[Data excerpts — start]
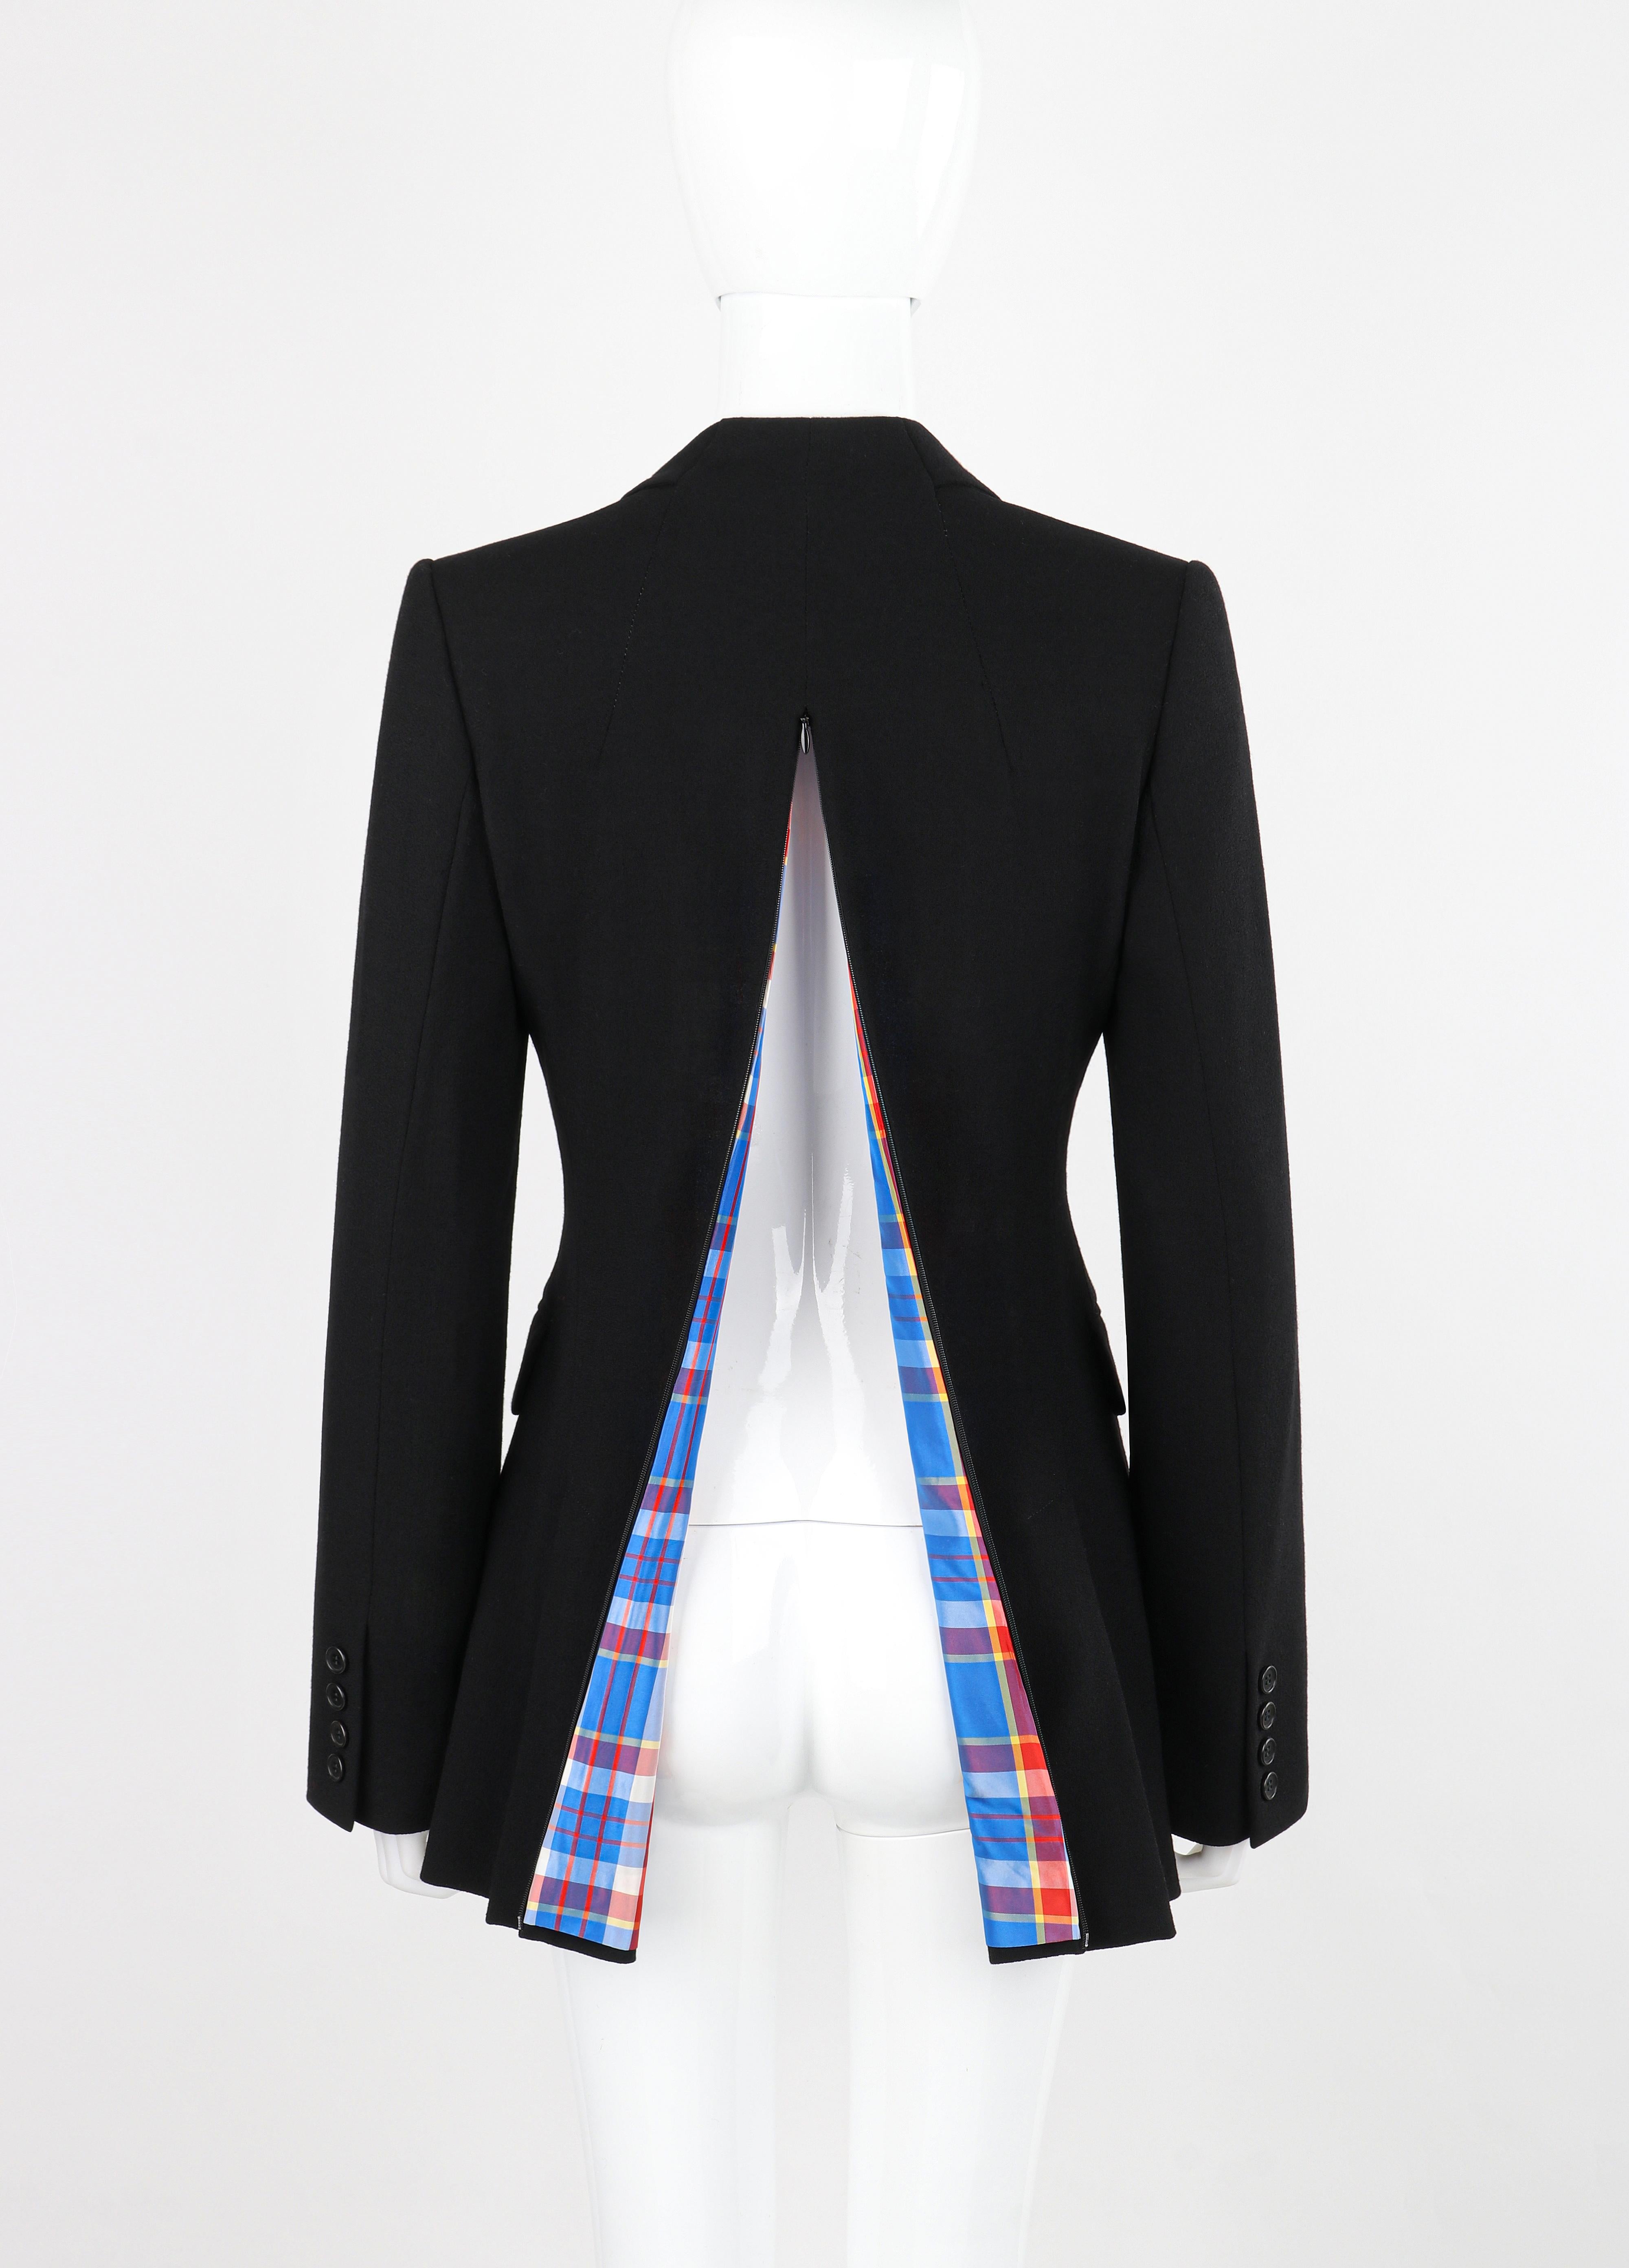 OWEN GASTER c.1990's Vtg Black Wool Structured Fitted Zip-Up Back Blazer Jacket RARE

Marque / Fabricant : Owen Gaster
Circa : 1990's
Concepteur : Owen Gaster
Style : Blazer
Couleur(s) : Nuances de noir, bleu, rouge, violet, jaune
Doublée :
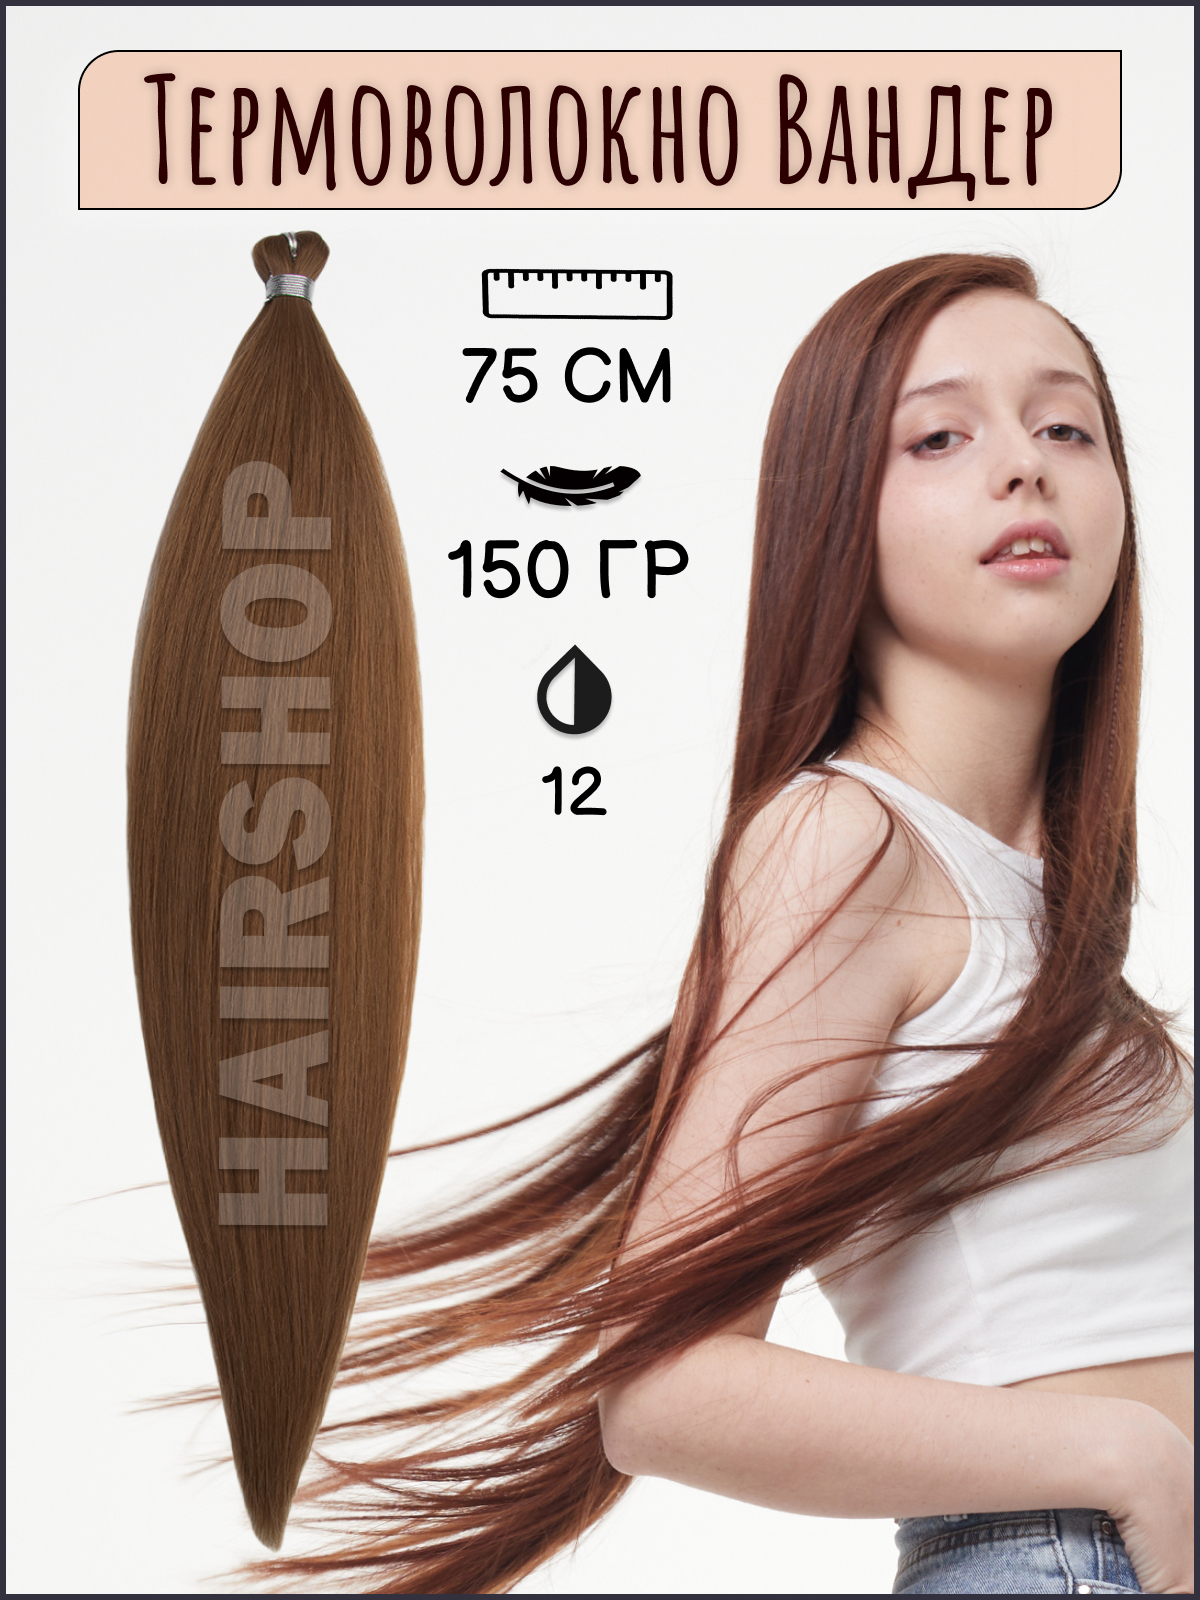 Термоволокно для наращивания Hairshop Вандер 12 150г 150см термоволокно для наращивания hairshop вандер grey 9 150г 150см
[Data excerpts — finish]
**Exercise description:**
Before copying, set the pictures aside; then give the records again exactly.

**Answer area:**
 OWEN GASTER c.1990's Vtg Black Wool Structured Fitted Zip-Up Back Blazer Jacket RARE

Marque / Fabricant : Owen Gaster
Circa : 1990's
Concepteur : Owen Gaster
Style : Blazer
Couleur(s) : Nuances de noir, bleu, rouge, violet, jaune
Doublée :
 Термоволокно для наращивания Hairshop Вандер 12 150г 150см термоволокно для наращивания hairshop вандер grey 9 150г 150см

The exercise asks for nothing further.